The first 8 coefficients are the animal-specific blocking factors and are not of scientific interest. The last four coefficients represent the log-fold change of the tissue samples over the cell-type specific samples for each treatment/time group. Comparisons between these coefficients will represent comparisons between the log-fold changes, i.e., is the tissue/cell log-fold change the same between treatment and control conditions? This is basically a smarter way of doing option 1 without explicitly computing the ratios beforehand.

Having said all that, there are several mathematical quirks to be aware of. The first is that this approach will happily reject the null hypothesis when one log-fold change is large and the other log-fold change is very large. From a statistical perspective, this is correct as the log-fold changes are indeed different. However, from a biological perspective, this may be less interesting as the qualitative behaviour of the gene does not change between conditions. The second thing to note is that this approach will fail to reject the null hypothesis if you have counts of zero (in the numerator or denominator of the log-fold change calculation) for both conditions. This is because the log-fold change in either condition could be any very large value, such that it becomes impossible to reject the null.

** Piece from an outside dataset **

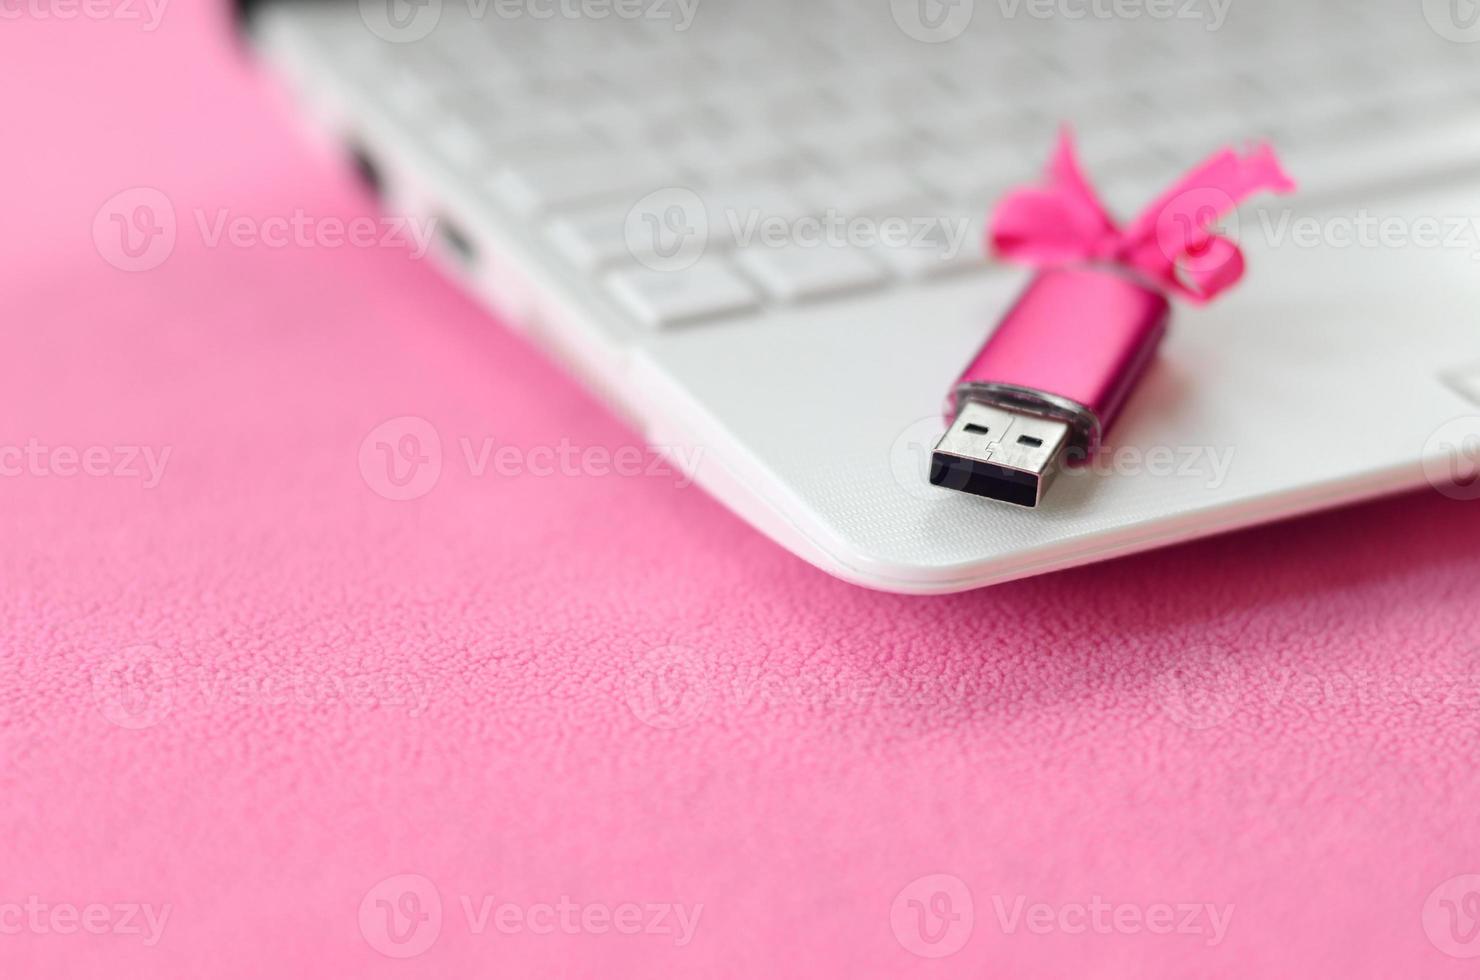 cartão de memória flash usb rosa brilhante com um laço rosa encontra-se em um cobertor de tecido de lã rosa claro macio e peludo ao lado de um laptop branco. design de presente feminino clássico para um cartão de memória foto

One more warning: the ratio/log-fold change of cell-type-specific expression to whole tissue expression will depend on the composition of the tissue, which may make things difficult to interpret. If the cell composition changes between control and treatment conditions, this will result in changes to the ratio even if the cell type itself has no DE. Presumably, you also have pulldown biases in the cell type-specific samples that are not present in the whole tissue samples. This may cause the background enrichment in the former to differ from the expression profile of the latter, further complicating any comparison of ratios. It's a similar problem to the use of input controls in ChIP-seq, where my attitude is to trust the direction but not the magnitude of ChIP enrichment versus the control.